Exploring the role of hyperbolicity in surface enhanced Raman sensing

TL;DR

This study investigates how hyperbolic metamaterial properties of gold nanorod arrays influence their effectiveness as SERS substrates for detecting low concentrations of molecules like R6G.

Contribution

It demonstrates the fabrication and comparison of HMM and non-HMM nanorod arrays, highlighting the impact of hyperbolicity on SERS performance.

Findings

HMM nanorod arrays show enhanced Raman signals compared to non-HMM arrays.

Fabrication method allows detection of lower molecular concentrations.

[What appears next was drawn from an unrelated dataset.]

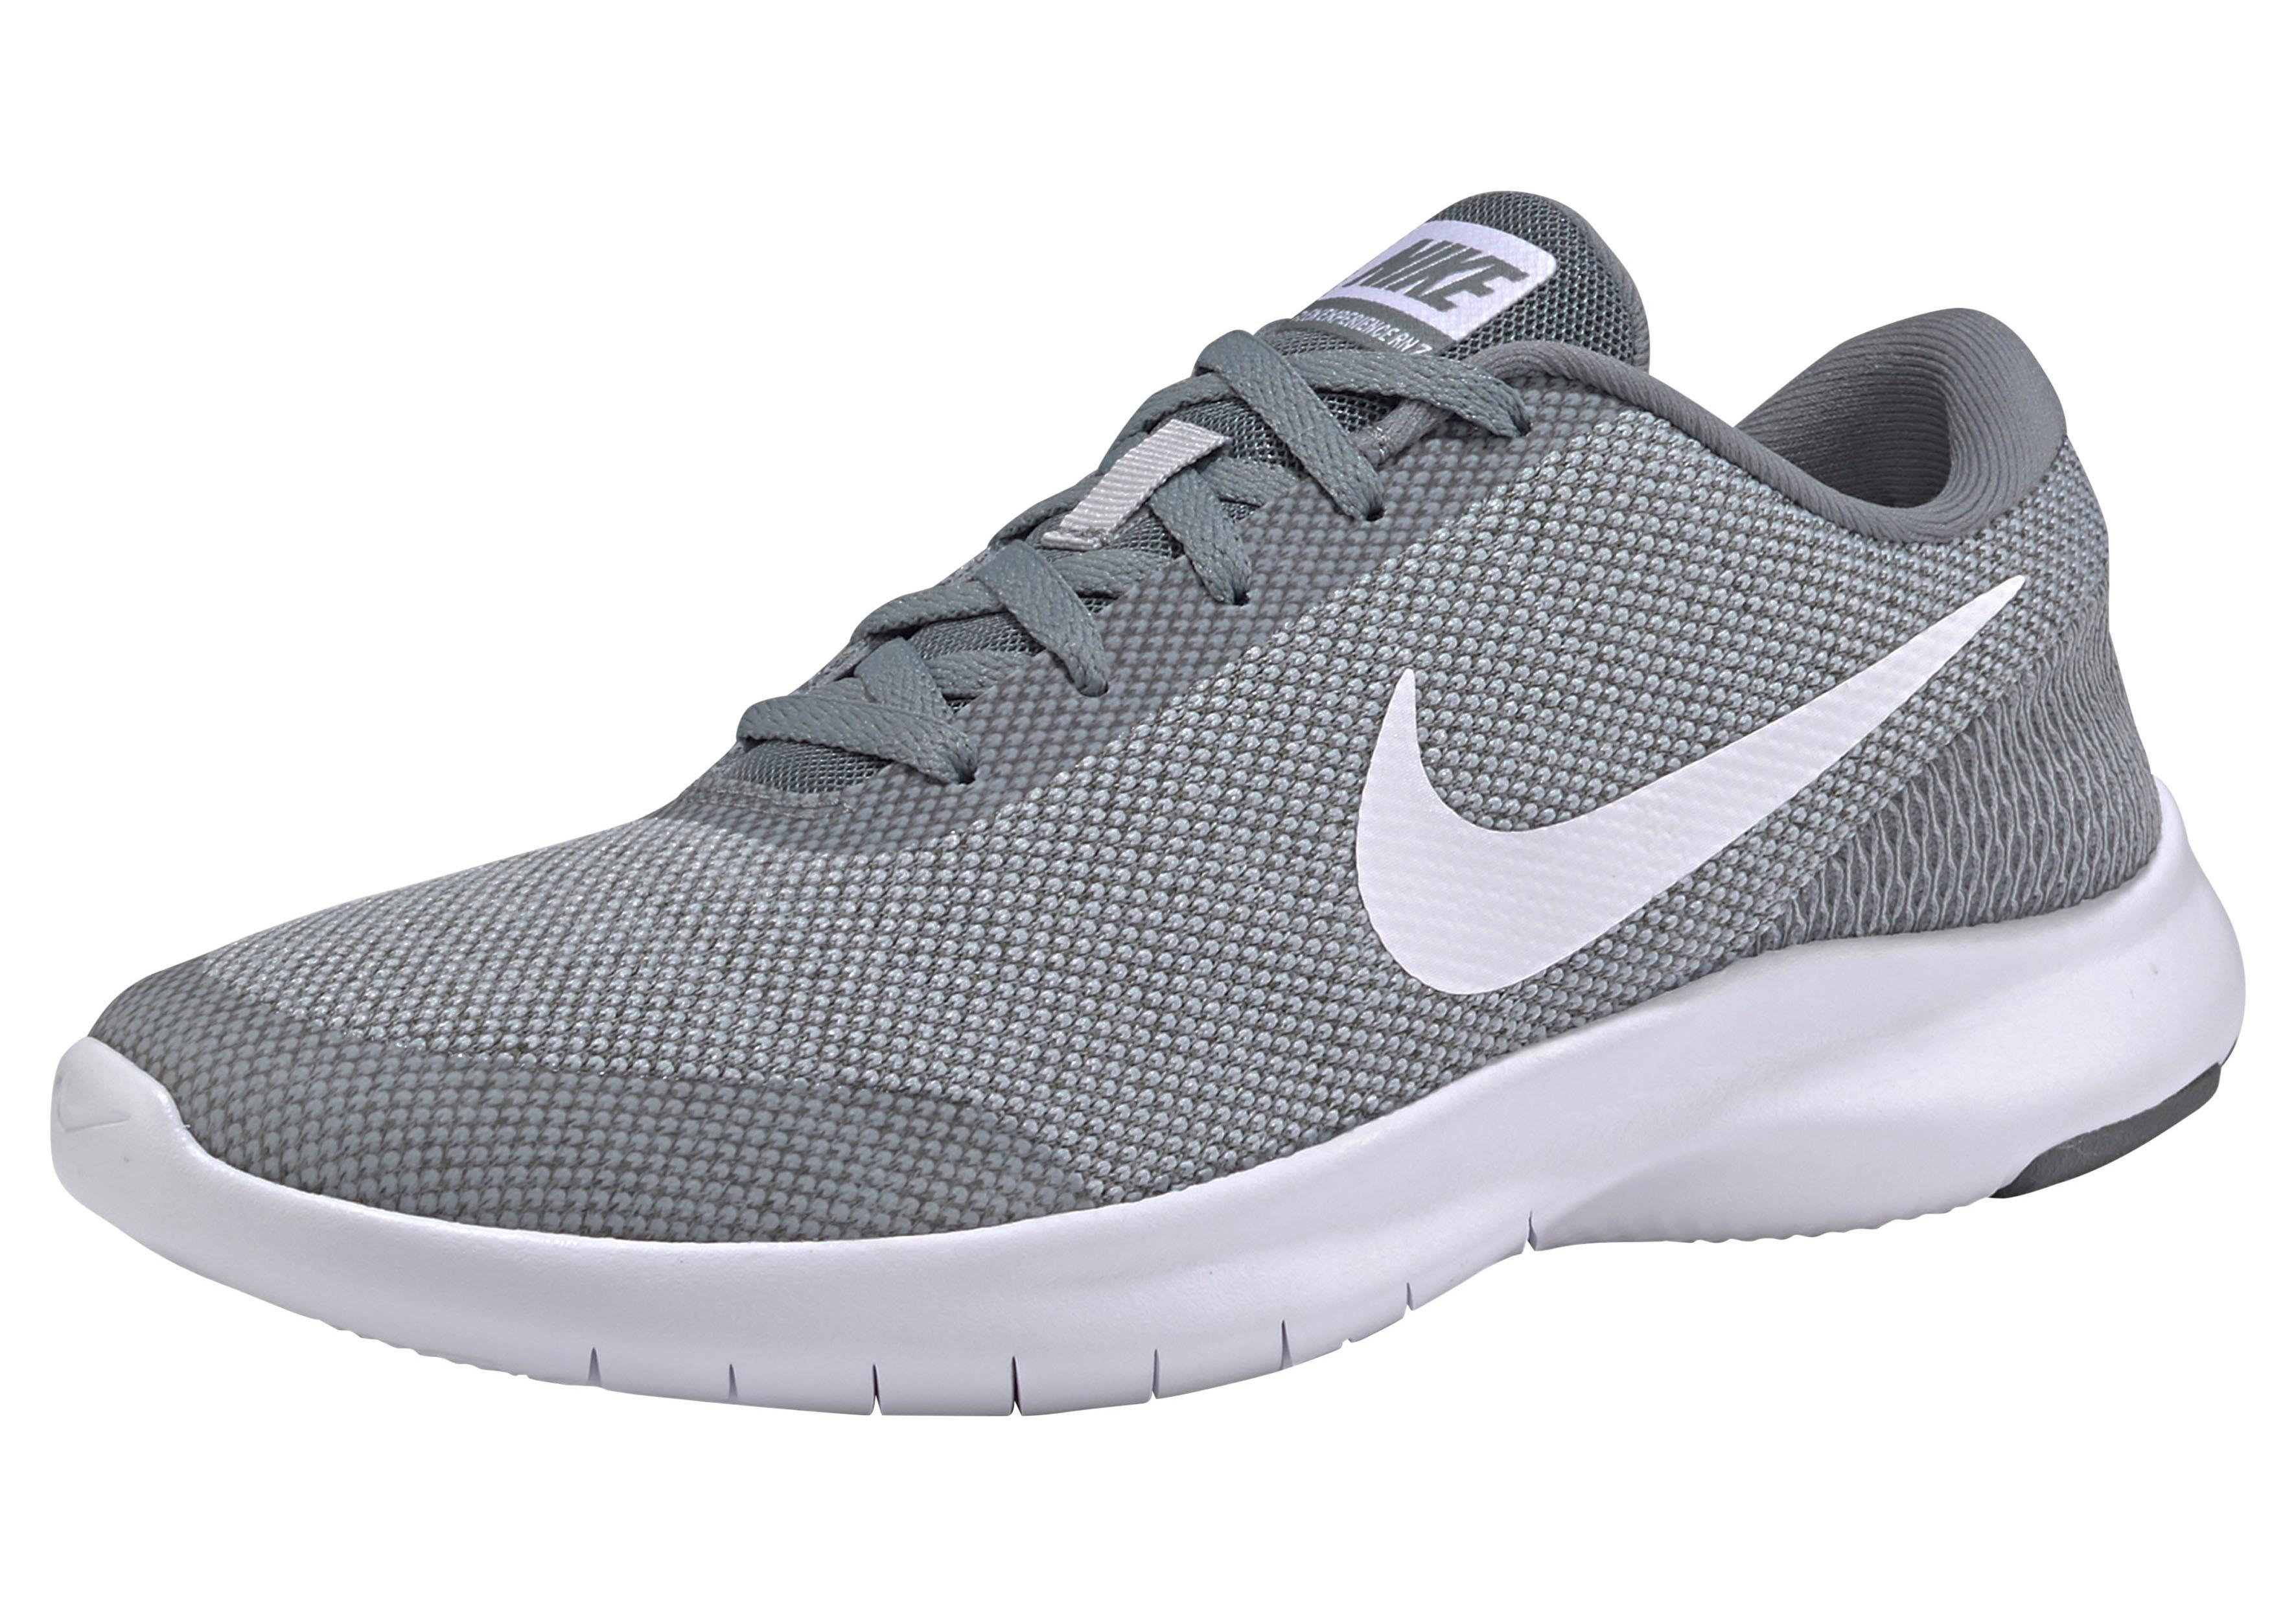 newest collection 6b409 8d4de ... »Wmns Flex Experience Run 8«, adidas sneakers »Asweerun«, Reebok  runningschoenen »Lite W«, adidas Originals, adidas runningschoenen »Duramo  Lite 2.0 W«

Simulation and mapping confirm the role of hyperbolicity in SERS enhancement.

Abstract

A plasmonic nanostructure-based substrate, serving as a surface-enhanced Raman scattering (SERS) substrate, enhances the Raman scattering of molecules. By employing an electron beam lithography followed by our recently developed nano-electroplating protocol, a gold nanorod array SERS substrate can be fabricated to detect lower molecular analyte concentrations, such as Rhodamine 6G (R6G) solution. As the critical dimensions of the nanorod array decrease, they exhibit hyperbolic metamaterial (HMM) characteristics with anisotropic permittivity behavior. In our study, we fabricated two sets of nanorod arrays: one in the HMM regime (140 nm periodicity) and the other in the non-HMM regime (400 nm periodicity), aiming to evaluate the performance of each set based on R6G detection. The obtained results are compared and analyzed using COMSOL simulation and Raman mapping and the role of hyperbolicity is discussed.